INPUT RECORDS>

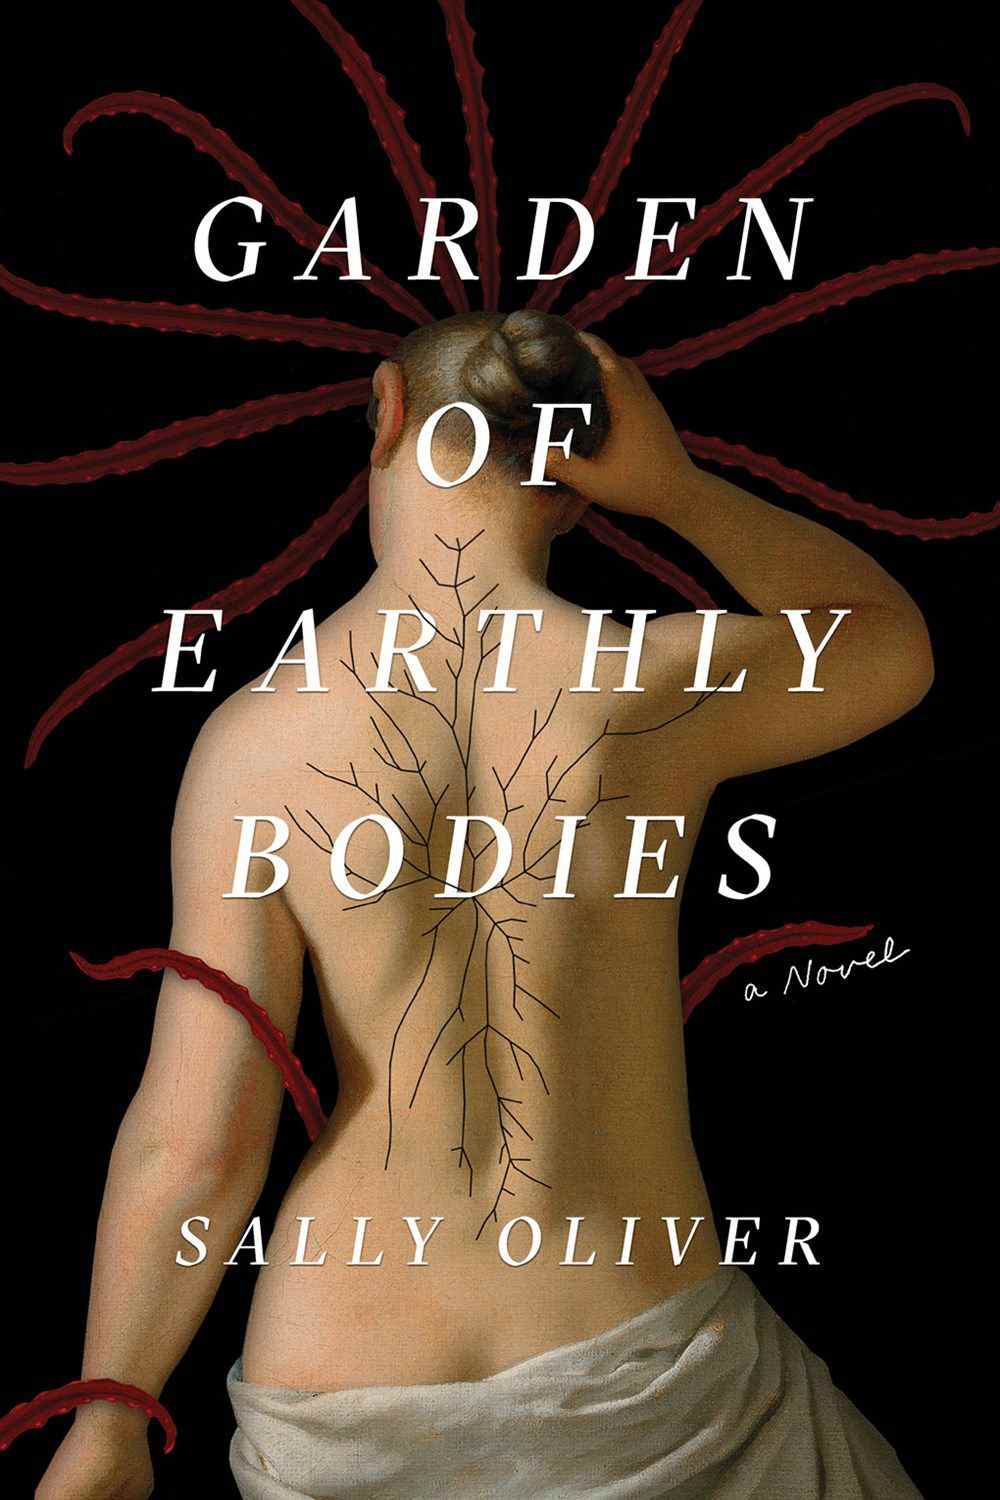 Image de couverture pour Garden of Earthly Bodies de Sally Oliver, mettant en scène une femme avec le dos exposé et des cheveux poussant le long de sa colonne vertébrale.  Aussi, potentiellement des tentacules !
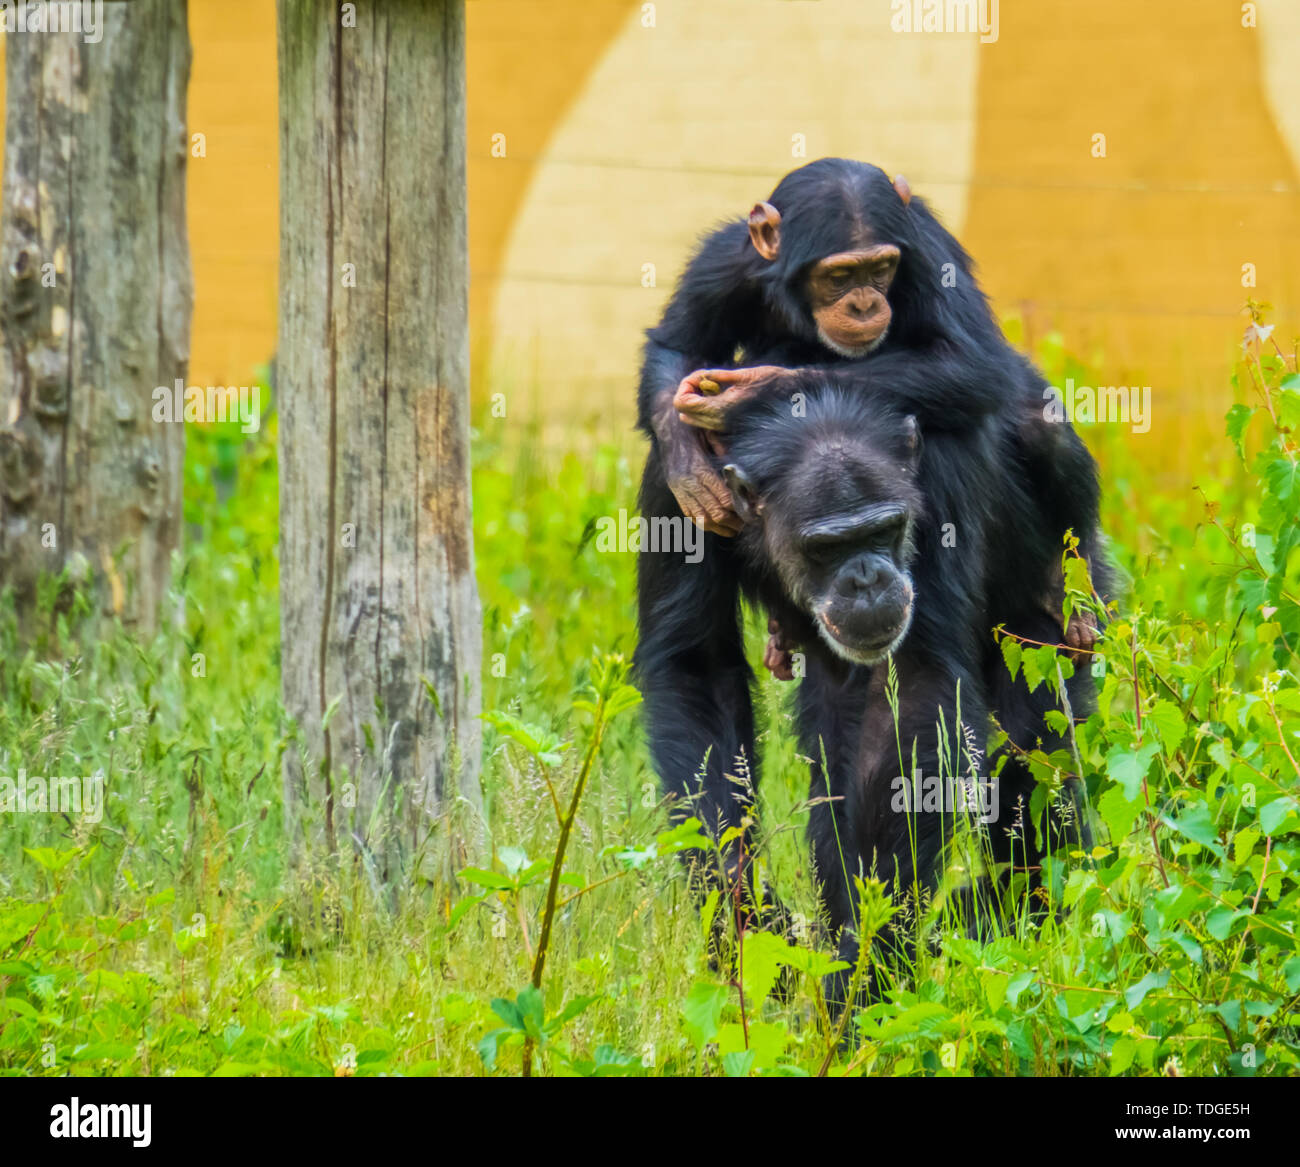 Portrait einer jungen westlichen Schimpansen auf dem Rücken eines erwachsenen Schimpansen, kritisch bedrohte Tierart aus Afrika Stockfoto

---

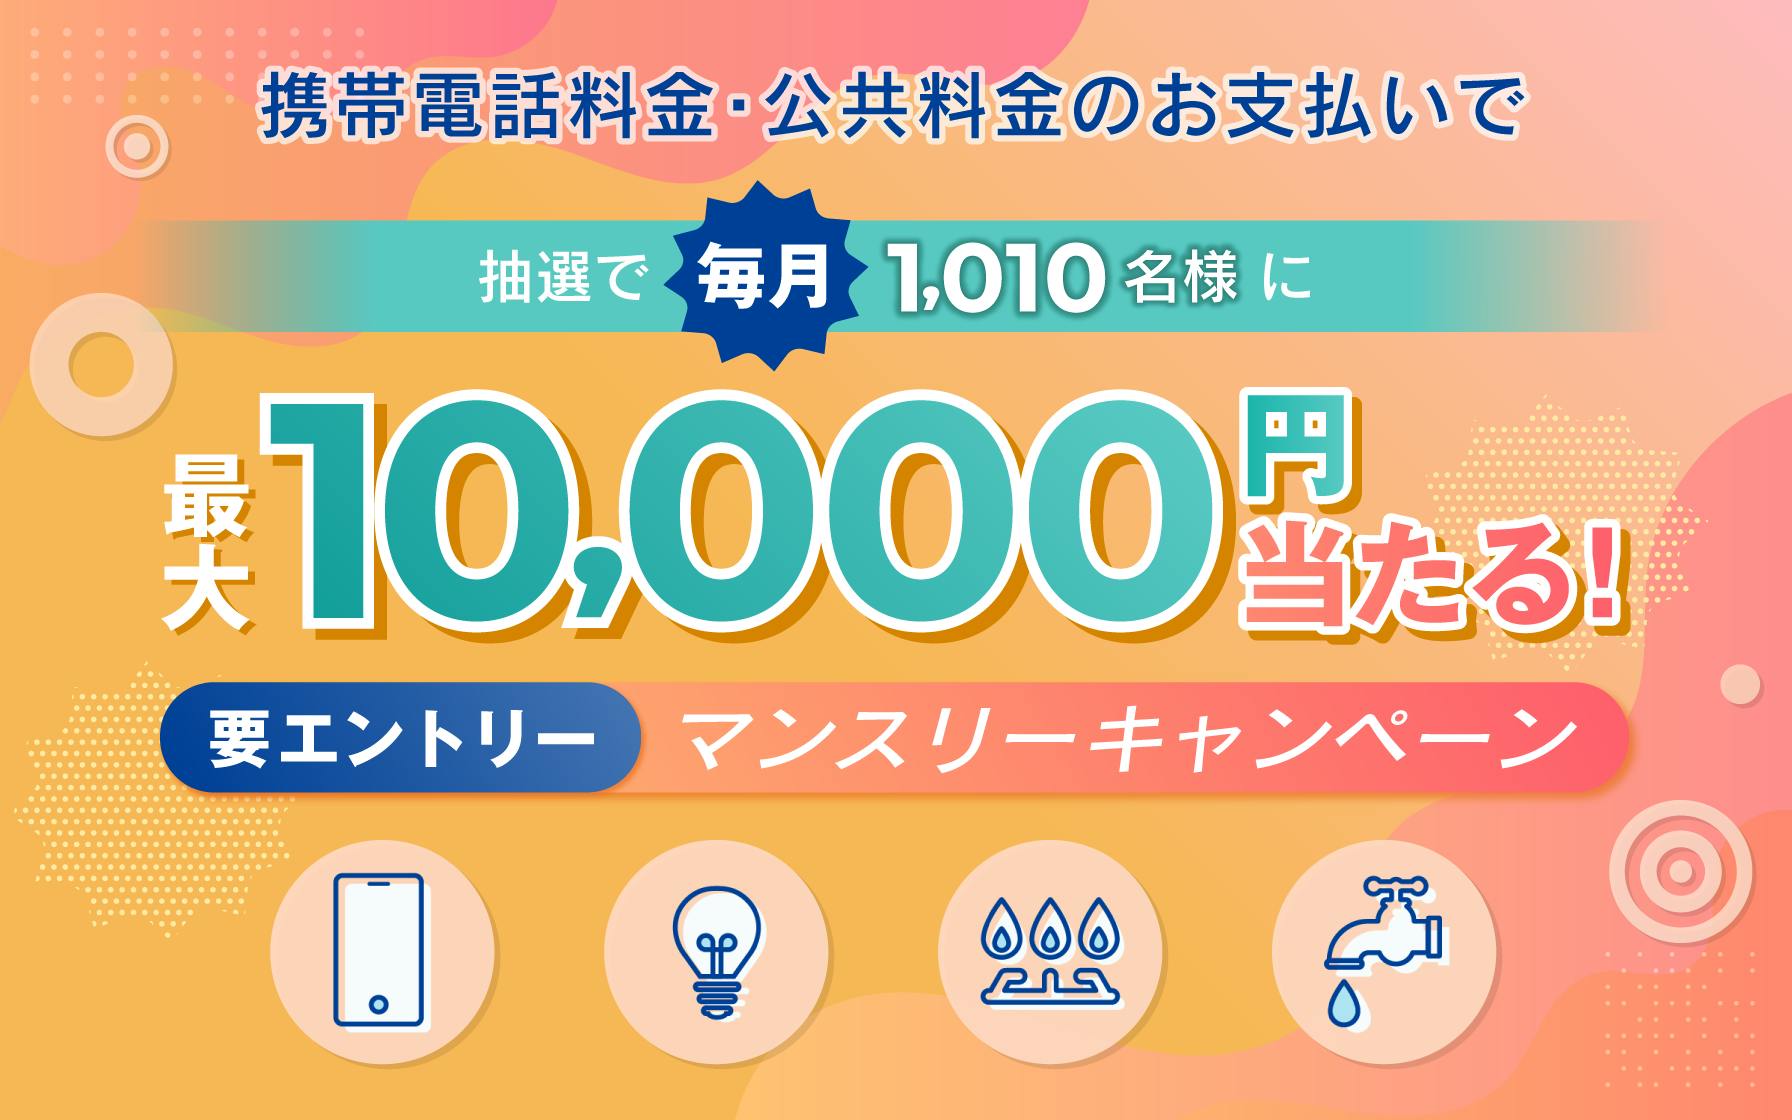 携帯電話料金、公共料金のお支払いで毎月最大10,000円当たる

--

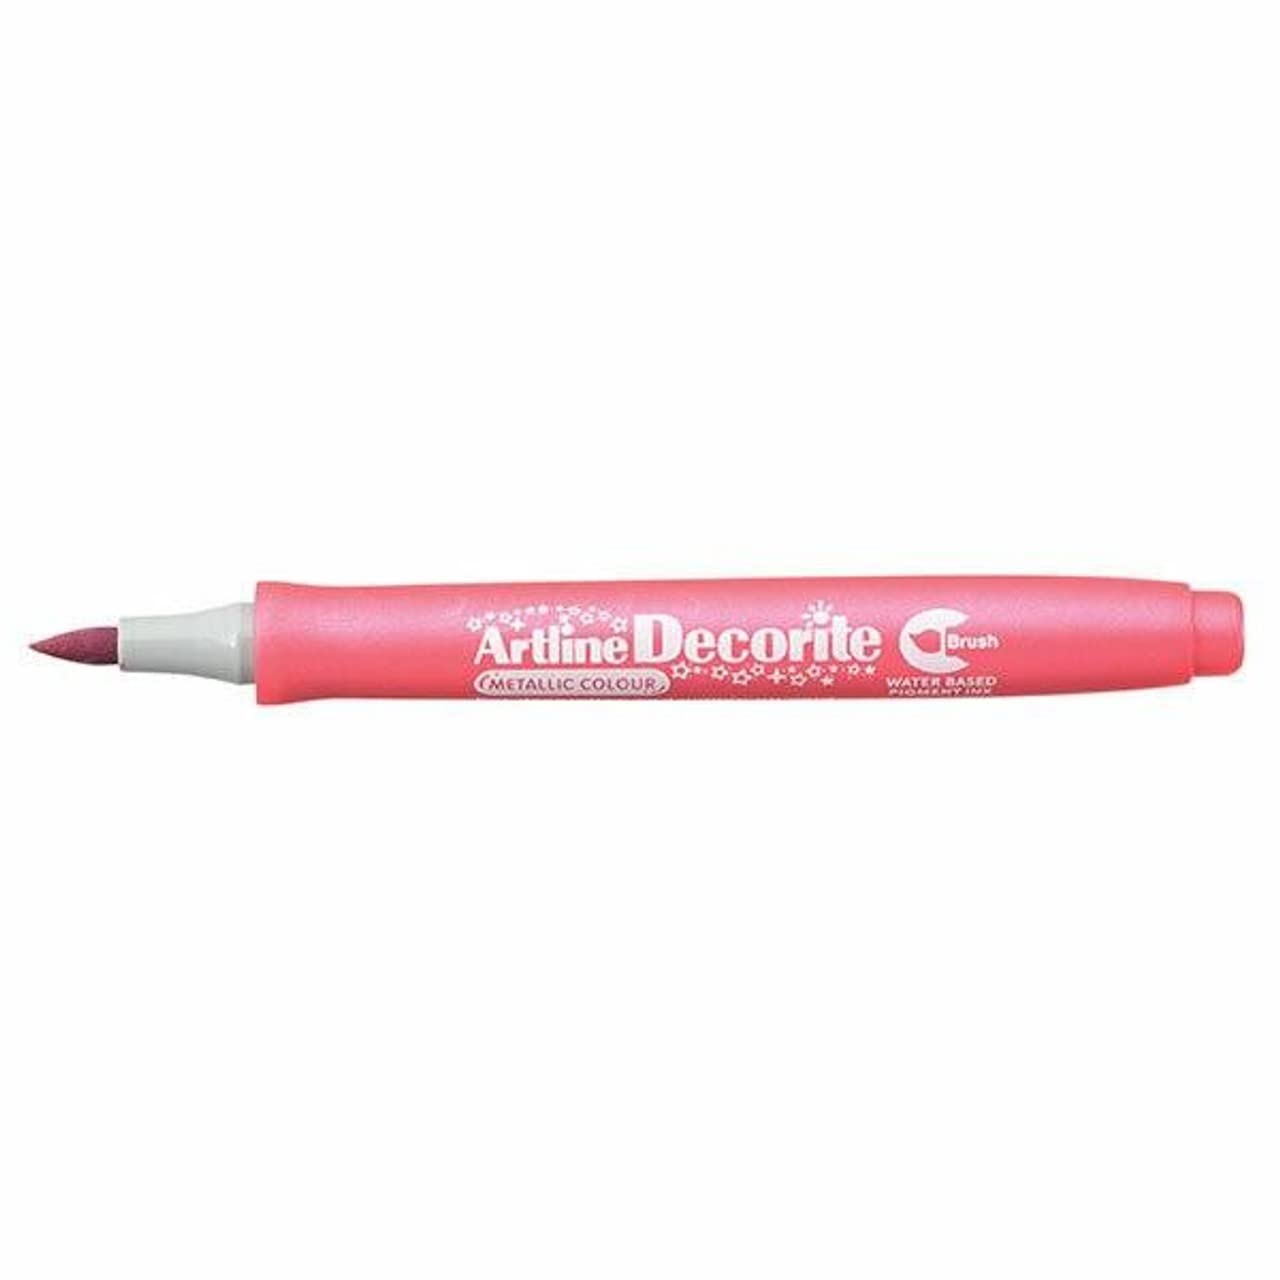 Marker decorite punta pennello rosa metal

WHAT YOU WILL DO> Using the entries above, extract exactly the lines from the one that contains "Image de couverture" through the one that contains "Portrait einer jungen". Do not carry over any pictures.

RESULT FOR THIS TASK>
 Image de couverture pour Garden of Earthly Bodies de Sally Oliver, mettant en scène une femme avec le dos exposé et des cheveux poussant le long de sa colonne vertébrale.  Aussi, potentiellement des tentacules !
 Portrait einer jungen westlichen Schimpansen auf dem Rücken eines erwachsenen Schimpansen, kritisch bedrohte Tierart aus Afrika Stockfoto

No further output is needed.